[Stored data]

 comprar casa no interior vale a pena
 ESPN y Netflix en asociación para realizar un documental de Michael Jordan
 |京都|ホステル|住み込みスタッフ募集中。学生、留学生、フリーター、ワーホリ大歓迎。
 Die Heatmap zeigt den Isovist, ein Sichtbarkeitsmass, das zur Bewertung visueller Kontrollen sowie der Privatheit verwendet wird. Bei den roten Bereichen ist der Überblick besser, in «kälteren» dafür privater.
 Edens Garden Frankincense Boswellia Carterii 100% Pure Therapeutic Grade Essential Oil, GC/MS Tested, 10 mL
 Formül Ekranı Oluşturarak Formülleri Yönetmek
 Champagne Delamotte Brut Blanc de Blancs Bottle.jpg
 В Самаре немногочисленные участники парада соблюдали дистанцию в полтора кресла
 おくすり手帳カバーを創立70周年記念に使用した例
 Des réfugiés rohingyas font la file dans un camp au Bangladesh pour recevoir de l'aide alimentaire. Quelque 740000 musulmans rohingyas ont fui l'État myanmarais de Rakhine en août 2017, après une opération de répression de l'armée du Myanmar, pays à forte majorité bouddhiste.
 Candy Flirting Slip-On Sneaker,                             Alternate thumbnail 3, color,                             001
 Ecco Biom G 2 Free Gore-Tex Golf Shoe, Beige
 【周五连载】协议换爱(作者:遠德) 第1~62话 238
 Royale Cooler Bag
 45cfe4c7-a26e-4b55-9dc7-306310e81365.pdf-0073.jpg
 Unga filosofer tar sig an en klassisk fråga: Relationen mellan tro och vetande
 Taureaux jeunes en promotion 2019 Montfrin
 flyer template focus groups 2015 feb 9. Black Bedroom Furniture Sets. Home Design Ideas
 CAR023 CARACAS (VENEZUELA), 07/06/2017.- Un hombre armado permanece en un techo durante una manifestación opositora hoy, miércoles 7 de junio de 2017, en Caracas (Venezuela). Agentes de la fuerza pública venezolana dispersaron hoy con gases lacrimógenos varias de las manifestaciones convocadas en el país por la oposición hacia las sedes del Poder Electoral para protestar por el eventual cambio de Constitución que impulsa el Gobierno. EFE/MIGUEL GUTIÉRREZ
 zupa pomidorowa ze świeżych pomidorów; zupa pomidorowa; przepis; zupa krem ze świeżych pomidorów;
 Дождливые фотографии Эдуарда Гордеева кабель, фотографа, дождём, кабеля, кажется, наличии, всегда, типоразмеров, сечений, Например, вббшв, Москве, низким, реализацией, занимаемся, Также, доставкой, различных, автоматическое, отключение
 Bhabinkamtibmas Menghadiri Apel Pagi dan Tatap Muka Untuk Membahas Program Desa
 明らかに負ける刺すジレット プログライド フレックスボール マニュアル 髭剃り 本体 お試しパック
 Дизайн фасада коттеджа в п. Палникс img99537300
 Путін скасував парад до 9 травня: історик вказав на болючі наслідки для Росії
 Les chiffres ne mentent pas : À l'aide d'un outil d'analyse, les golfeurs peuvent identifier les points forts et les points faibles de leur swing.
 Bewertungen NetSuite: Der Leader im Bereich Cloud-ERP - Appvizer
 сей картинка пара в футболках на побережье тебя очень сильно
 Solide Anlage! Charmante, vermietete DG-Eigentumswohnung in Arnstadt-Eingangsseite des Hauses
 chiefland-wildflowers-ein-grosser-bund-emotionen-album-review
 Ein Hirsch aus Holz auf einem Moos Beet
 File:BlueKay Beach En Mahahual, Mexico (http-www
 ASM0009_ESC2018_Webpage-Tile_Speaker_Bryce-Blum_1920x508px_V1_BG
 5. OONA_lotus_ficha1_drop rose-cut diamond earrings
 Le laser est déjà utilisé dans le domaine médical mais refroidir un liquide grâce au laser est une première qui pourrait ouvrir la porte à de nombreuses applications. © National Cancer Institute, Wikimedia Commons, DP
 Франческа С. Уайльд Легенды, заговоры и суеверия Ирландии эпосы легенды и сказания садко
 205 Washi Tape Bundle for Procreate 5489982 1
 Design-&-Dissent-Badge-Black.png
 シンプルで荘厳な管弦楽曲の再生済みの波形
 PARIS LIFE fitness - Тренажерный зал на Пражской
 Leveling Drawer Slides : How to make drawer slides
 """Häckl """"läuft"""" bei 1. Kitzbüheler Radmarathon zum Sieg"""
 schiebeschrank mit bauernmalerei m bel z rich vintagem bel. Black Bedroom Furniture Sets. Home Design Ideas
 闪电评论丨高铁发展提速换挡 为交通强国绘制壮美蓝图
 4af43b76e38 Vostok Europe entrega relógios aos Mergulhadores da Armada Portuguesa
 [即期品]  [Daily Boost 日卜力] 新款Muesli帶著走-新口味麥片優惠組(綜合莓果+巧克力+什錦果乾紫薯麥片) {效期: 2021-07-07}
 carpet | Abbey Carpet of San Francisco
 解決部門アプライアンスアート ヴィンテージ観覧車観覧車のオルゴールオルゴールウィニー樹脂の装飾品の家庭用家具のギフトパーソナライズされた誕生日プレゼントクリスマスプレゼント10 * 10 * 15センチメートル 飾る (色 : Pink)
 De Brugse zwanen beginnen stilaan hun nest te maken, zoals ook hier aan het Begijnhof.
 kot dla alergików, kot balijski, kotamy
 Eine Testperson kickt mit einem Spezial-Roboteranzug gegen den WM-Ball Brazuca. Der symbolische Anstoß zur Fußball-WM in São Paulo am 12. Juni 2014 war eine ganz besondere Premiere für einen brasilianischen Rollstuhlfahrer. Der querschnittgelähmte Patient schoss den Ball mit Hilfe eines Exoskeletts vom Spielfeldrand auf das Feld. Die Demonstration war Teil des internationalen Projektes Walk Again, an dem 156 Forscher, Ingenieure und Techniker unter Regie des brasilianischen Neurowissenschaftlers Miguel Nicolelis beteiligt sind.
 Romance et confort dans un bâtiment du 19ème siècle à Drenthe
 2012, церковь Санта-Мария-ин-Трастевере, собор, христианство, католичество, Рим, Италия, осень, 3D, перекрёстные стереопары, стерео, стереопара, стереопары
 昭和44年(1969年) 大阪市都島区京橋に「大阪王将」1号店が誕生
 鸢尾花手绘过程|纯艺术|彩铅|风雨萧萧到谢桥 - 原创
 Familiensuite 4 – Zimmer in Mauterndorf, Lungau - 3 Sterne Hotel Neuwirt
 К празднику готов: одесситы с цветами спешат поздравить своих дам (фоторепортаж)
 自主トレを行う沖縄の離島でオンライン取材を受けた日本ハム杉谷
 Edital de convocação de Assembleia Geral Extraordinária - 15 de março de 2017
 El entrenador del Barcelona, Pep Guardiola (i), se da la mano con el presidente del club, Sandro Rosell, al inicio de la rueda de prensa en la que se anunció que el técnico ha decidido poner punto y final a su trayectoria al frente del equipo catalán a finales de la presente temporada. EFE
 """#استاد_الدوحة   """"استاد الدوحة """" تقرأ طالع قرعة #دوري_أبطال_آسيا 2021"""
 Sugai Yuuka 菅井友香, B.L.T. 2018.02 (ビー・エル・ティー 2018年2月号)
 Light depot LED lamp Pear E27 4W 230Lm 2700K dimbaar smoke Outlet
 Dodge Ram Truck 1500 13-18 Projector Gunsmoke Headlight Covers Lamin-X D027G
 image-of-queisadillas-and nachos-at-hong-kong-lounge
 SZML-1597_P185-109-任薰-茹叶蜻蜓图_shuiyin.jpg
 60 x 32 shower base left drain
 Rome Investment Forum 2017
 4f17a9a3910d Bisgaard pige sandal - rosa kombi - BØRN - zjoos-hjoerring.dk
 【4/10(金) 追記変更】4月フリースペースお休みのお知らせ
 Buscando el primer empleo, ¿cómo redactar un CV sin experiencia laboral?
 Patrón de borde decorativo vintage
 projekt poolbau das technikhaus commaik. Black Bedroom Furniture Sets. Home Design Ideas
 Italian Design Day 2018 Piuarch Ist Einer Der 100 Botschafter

- [Exercise details] Gather every line from the entries above where the word "einem" appears, and copy them.

- [Problem solution]
 Ein Hirsch aus Holz auf einem Moos Beet
 Eine Testperson kickt mit einem Spezial-Roboteranzug gegen den WM-Ball Brazuca. Der symbolische Anstoß zur Fußball-WM in São Paulo am 12. Juni 2014 war eine ganz besondere Premiere für einen brasilianischen Rollstuhlfahrer. Der querschnittgelähmte Patient schoss den Ball mit Hilfe eines Exoskeletts vom Spielfeldrand auf das Feld. Die Demonstration war Teil des internationalen Projektes Walk Again, an dem 156 Forscher, Ingenieure und Techniker unter Regie des brasilianischen Neurowissenschaftlers Miguel Nicolelis beteiligt sind.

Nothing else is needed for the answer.